We utilize well-defined molecular materials to investigate charge transport and self-assembly processes across nano- and mesoscopic length scales. We have a special interest in developing the chemistry of modular, redox-active, building blocks – to explore how their properties change as they are combined to construct extended structures in 1D, 2D and 3D (see below), and how these may ultimately be exploited for applications in areas such as molecular-scale electronics or energy storage.

Research in the group involves the design and synthesis of organic, organometallic and coordination compounds, as well as the application of electrochemical and scanning probe microscope (SPM)-based methods to study these in solution, on surfaces and in the solid state.

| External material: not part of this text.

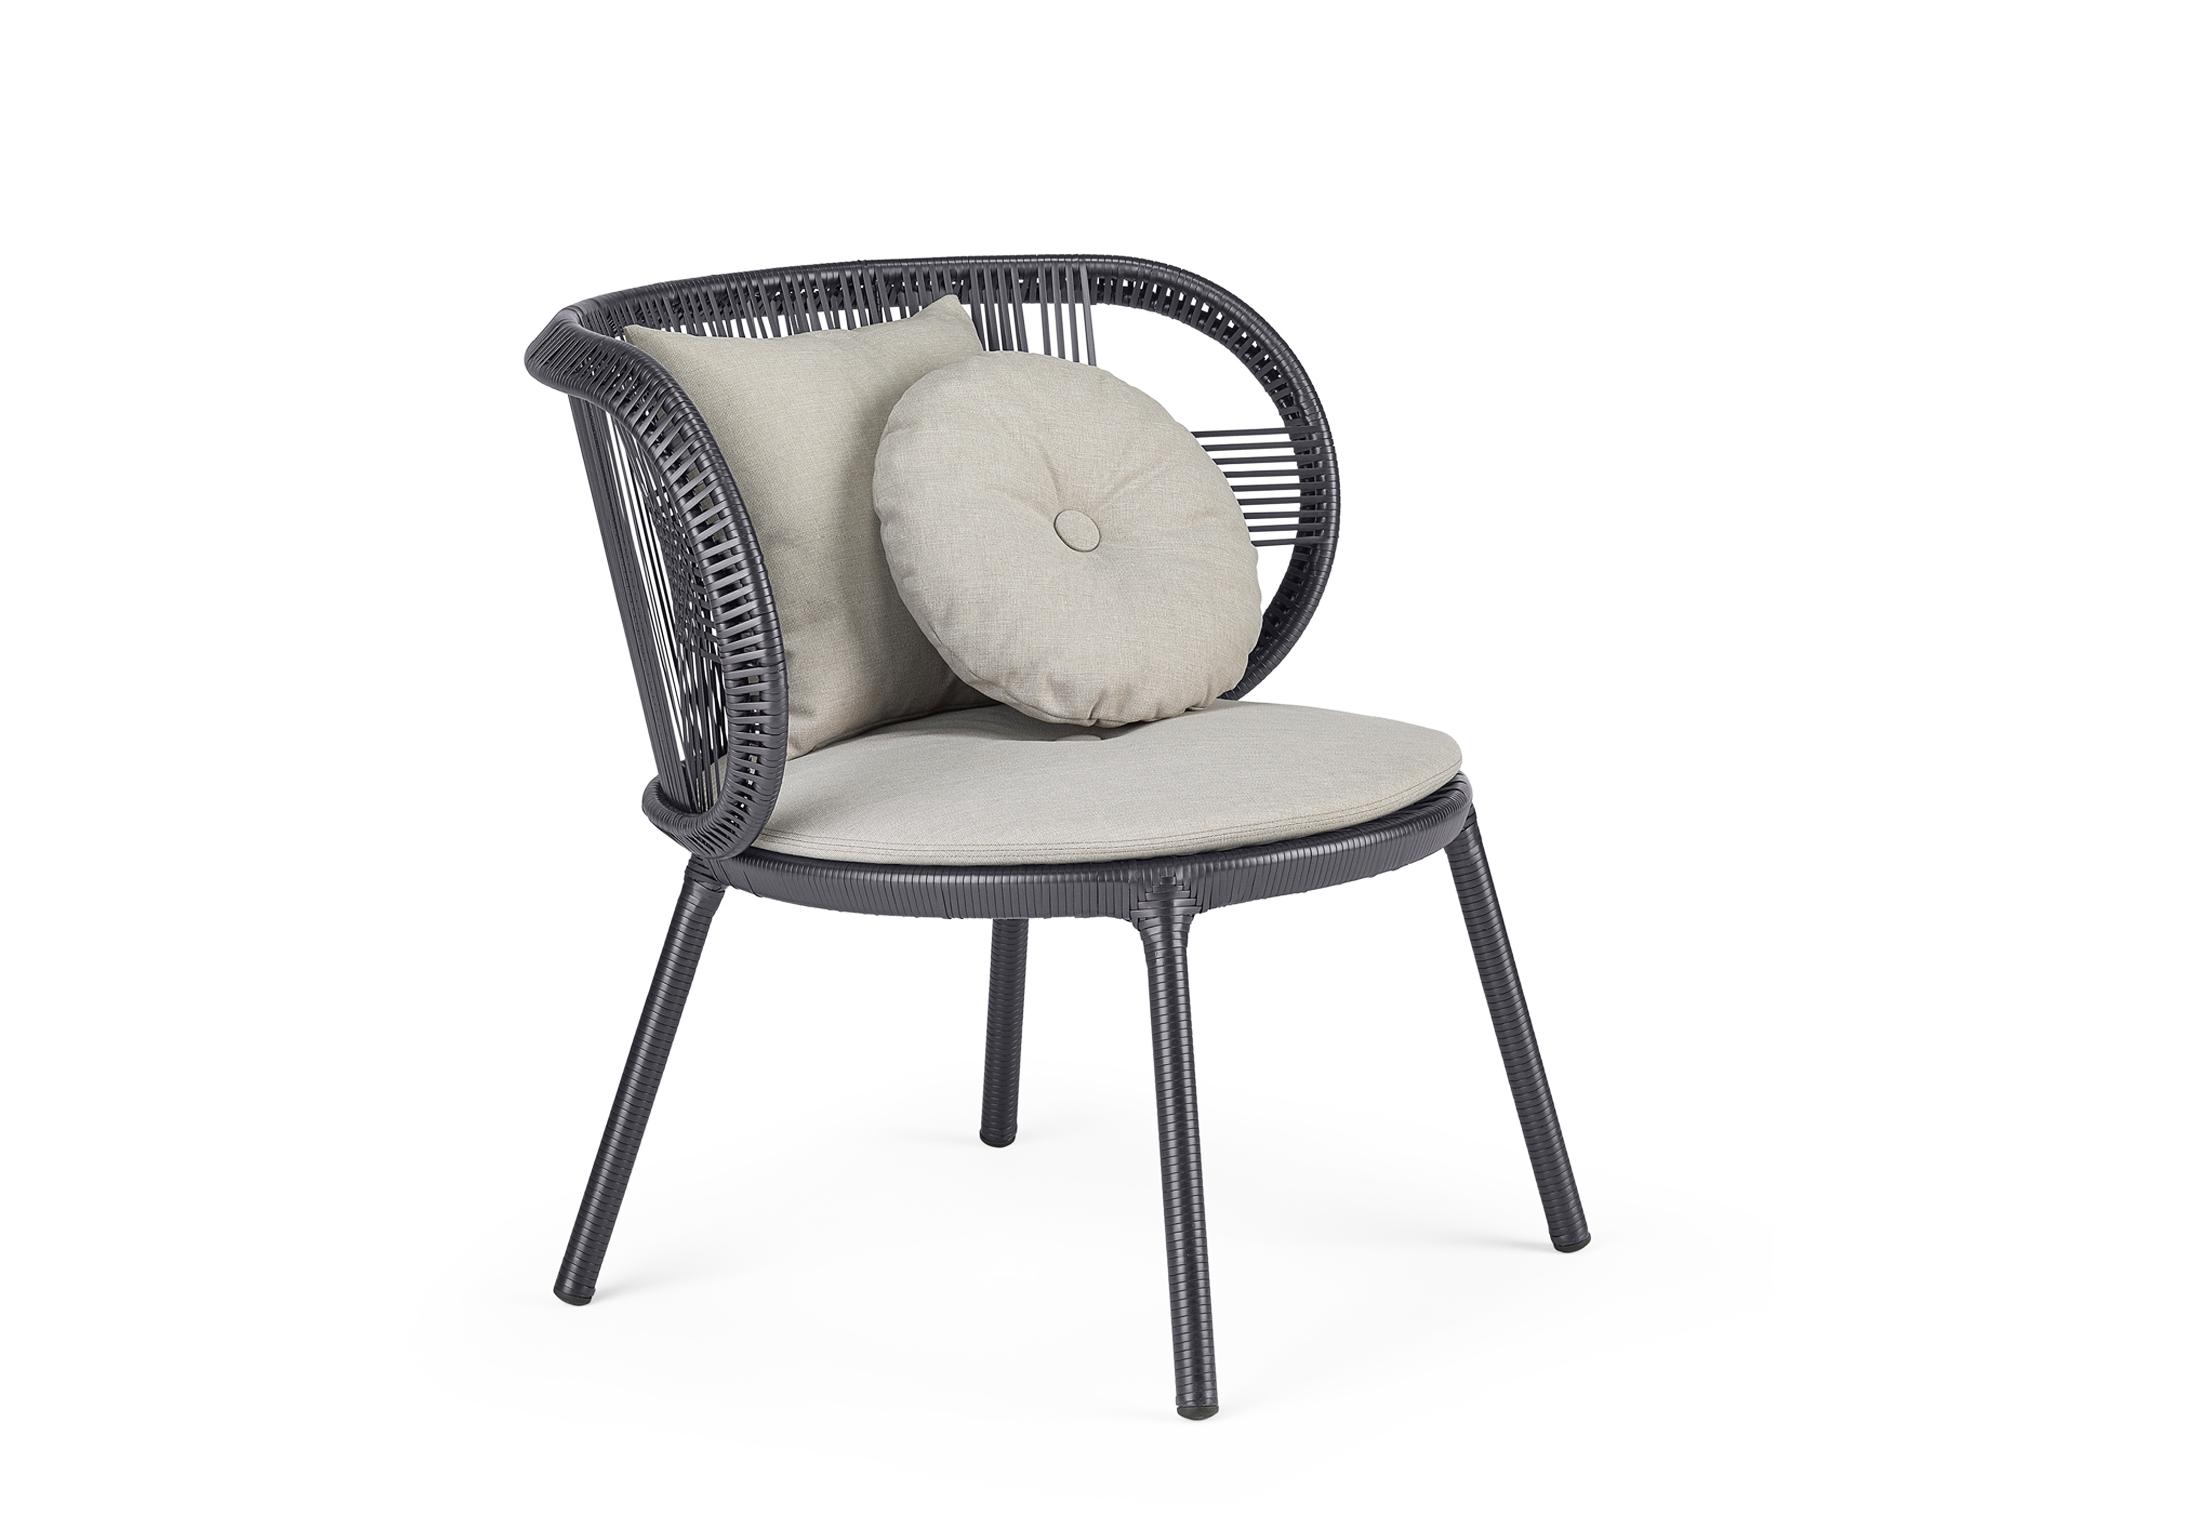 Surprising Cirql Lounge Chair By Dedon Stylepark Short Links Chair Design For Home Short Linksinfo

1D. Charge-transport through redox-active single-molecules

The use of molecules to build electronic circuits was historically motivated by the rapid size reductions of conventional electronic components in line with Moore’s Law. Single-molecule devices represent the limit in device miniaturization, with work over the past two decades demonstrating that molecules can indeed function as nanoscale wires, switches and diodes. However, photolithographic technologies have since advanced to a point where they can produce circuits with feature sizes approaching molecular dimensions. Rather than working towards immediate technological applications, present-day efforts in molecular-scale electronics focus on the increased functionality of these materials over their solid-state counterparts as well as on fundamental structure-property relationships. Routine, reproducible studies at the single-molecule level are now possible using SPM-based methods, where ‘molecular junctions’ form via the self-assembly of components between nanogap separated electrodes. Where previous studies have primarily used redox-inactive compounds which typically limit the mode of transport to single-step tunneling, we are working to systematically investigate multi-site redox-active species in which sequential tunneling processes are thought to dominate.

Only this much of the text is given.